Work instructions:
Look for the line containing "Nike SB H86" and the line containing "4 support cabochon" in the entries below. Copy those two and all lines between them exactly, leaving out pictures.

Source material:
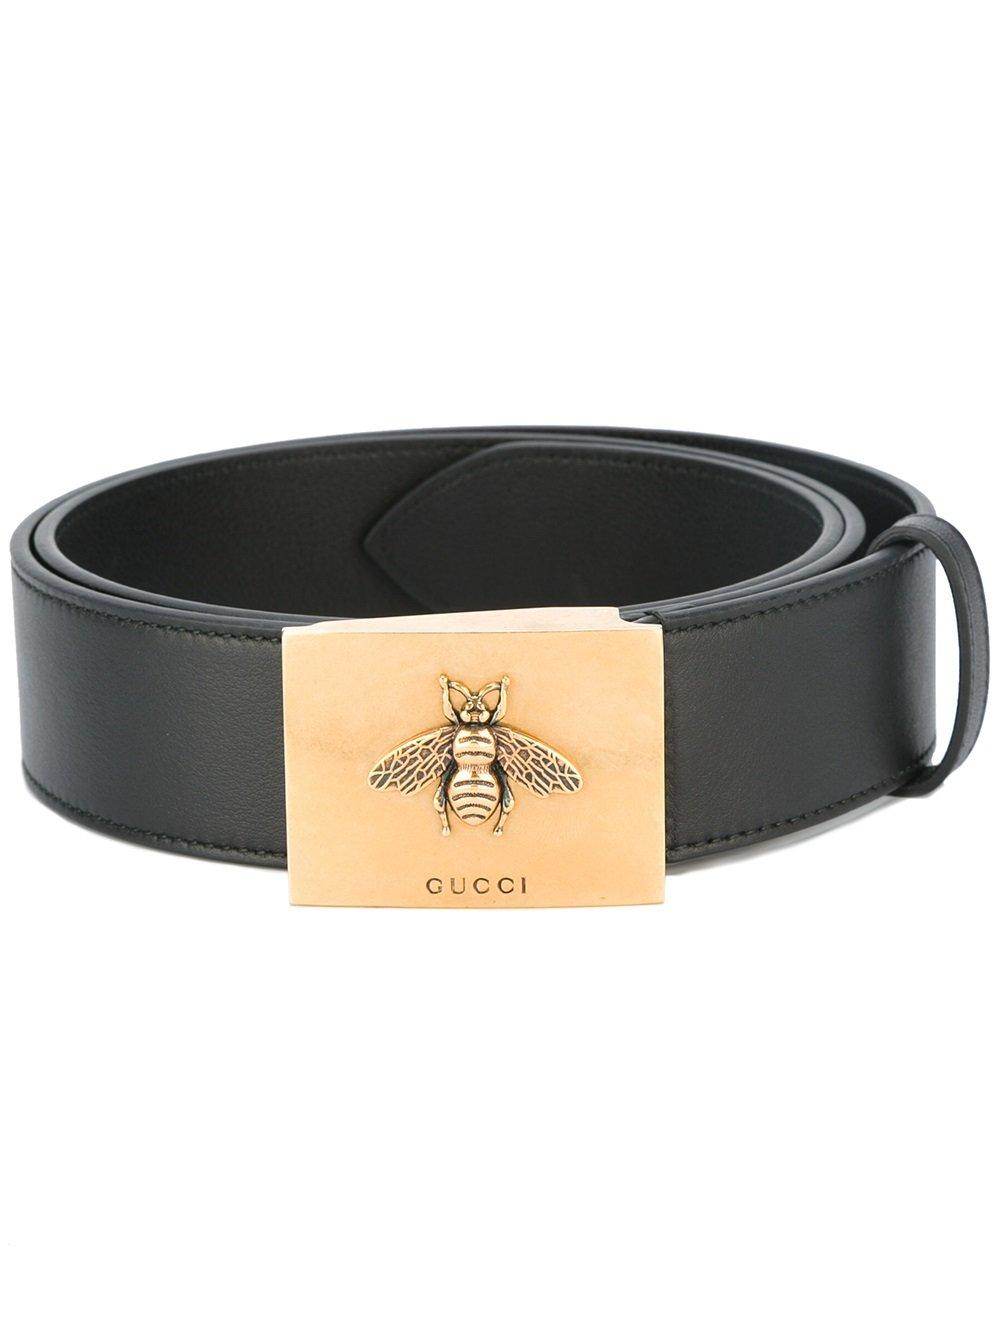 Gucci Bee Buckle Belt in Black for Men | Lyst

* * *

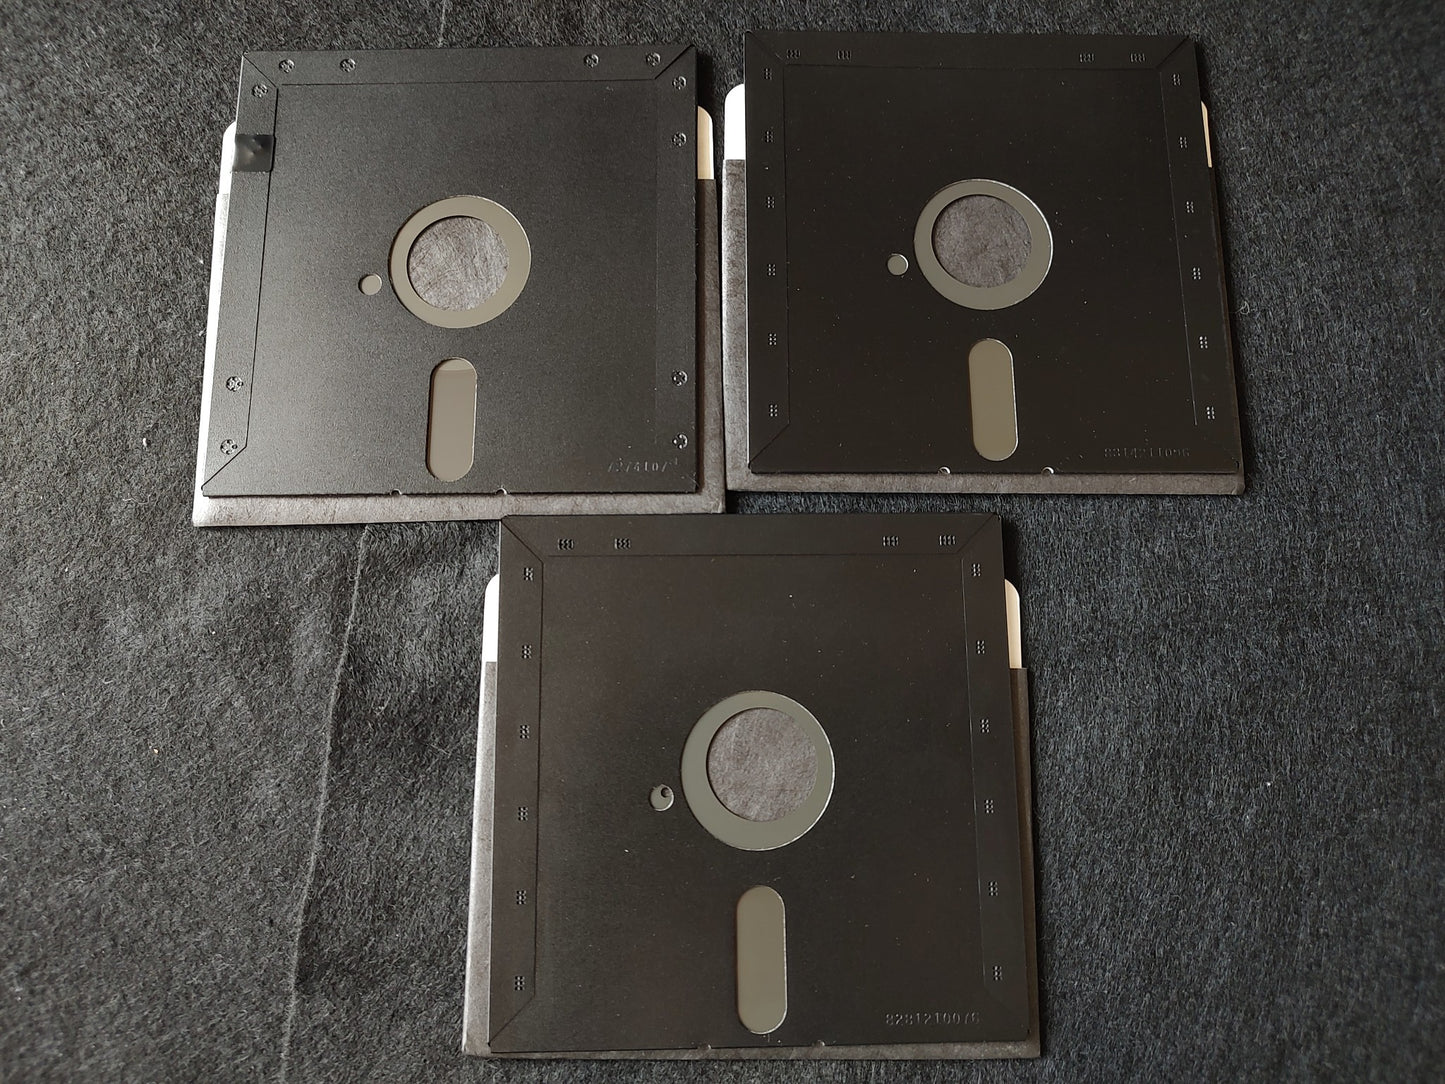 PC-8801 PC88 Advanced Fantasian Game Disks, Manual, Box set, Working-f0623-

---

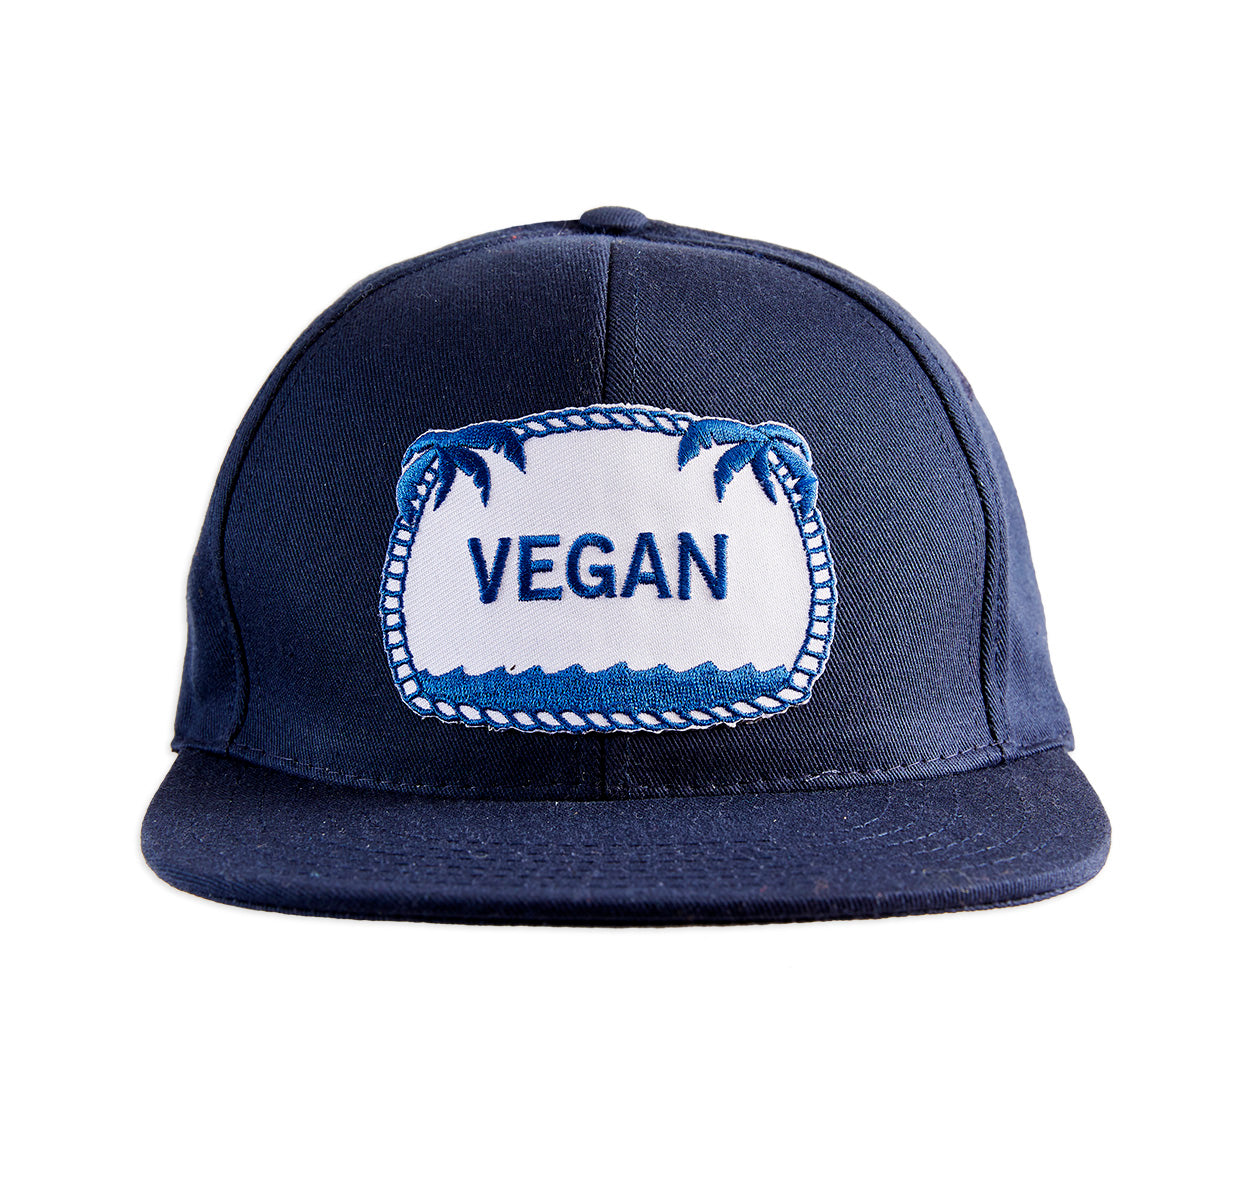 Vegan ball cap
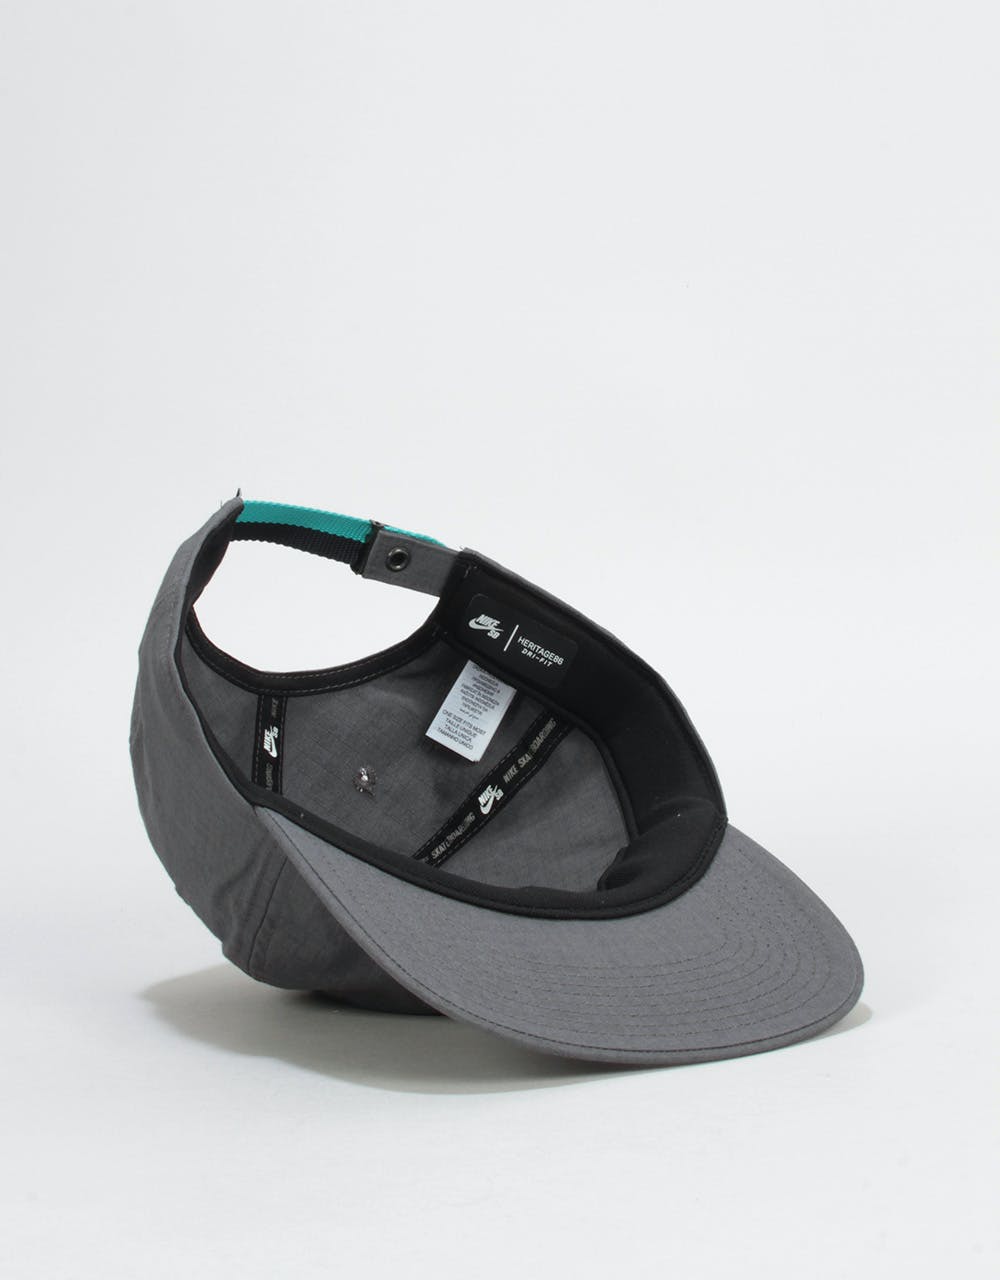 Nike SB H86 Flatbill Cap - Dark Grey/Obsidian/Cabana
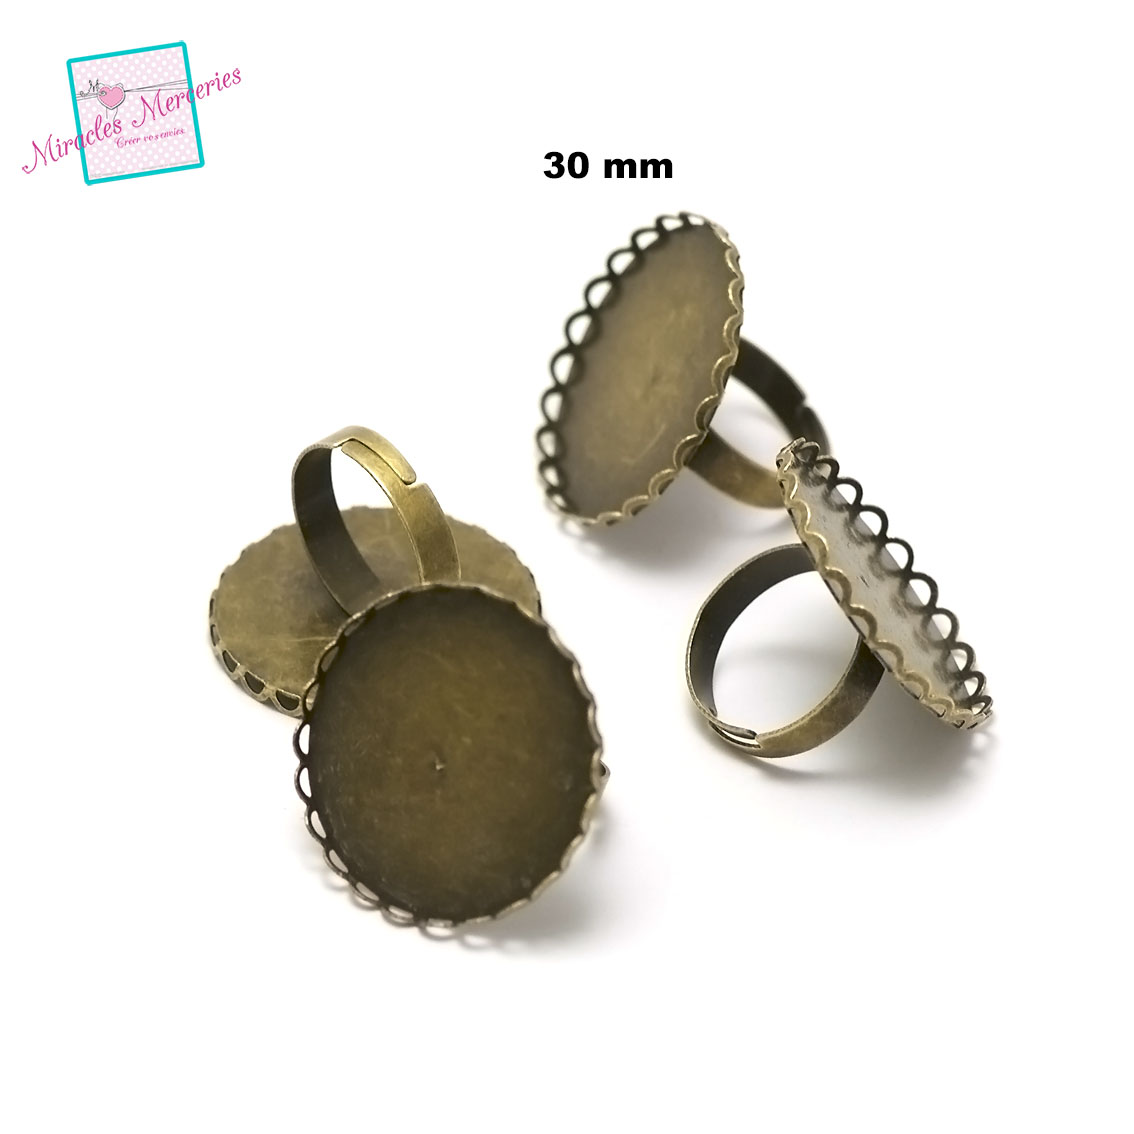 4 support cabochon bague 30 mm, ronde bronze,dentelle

Exercise response:
 Nike SB H86 Flatbill Cap - Dark Grey/Obsidian/Cabana
 4 support cabochon bague 30 mm, ronde bronze,dentelle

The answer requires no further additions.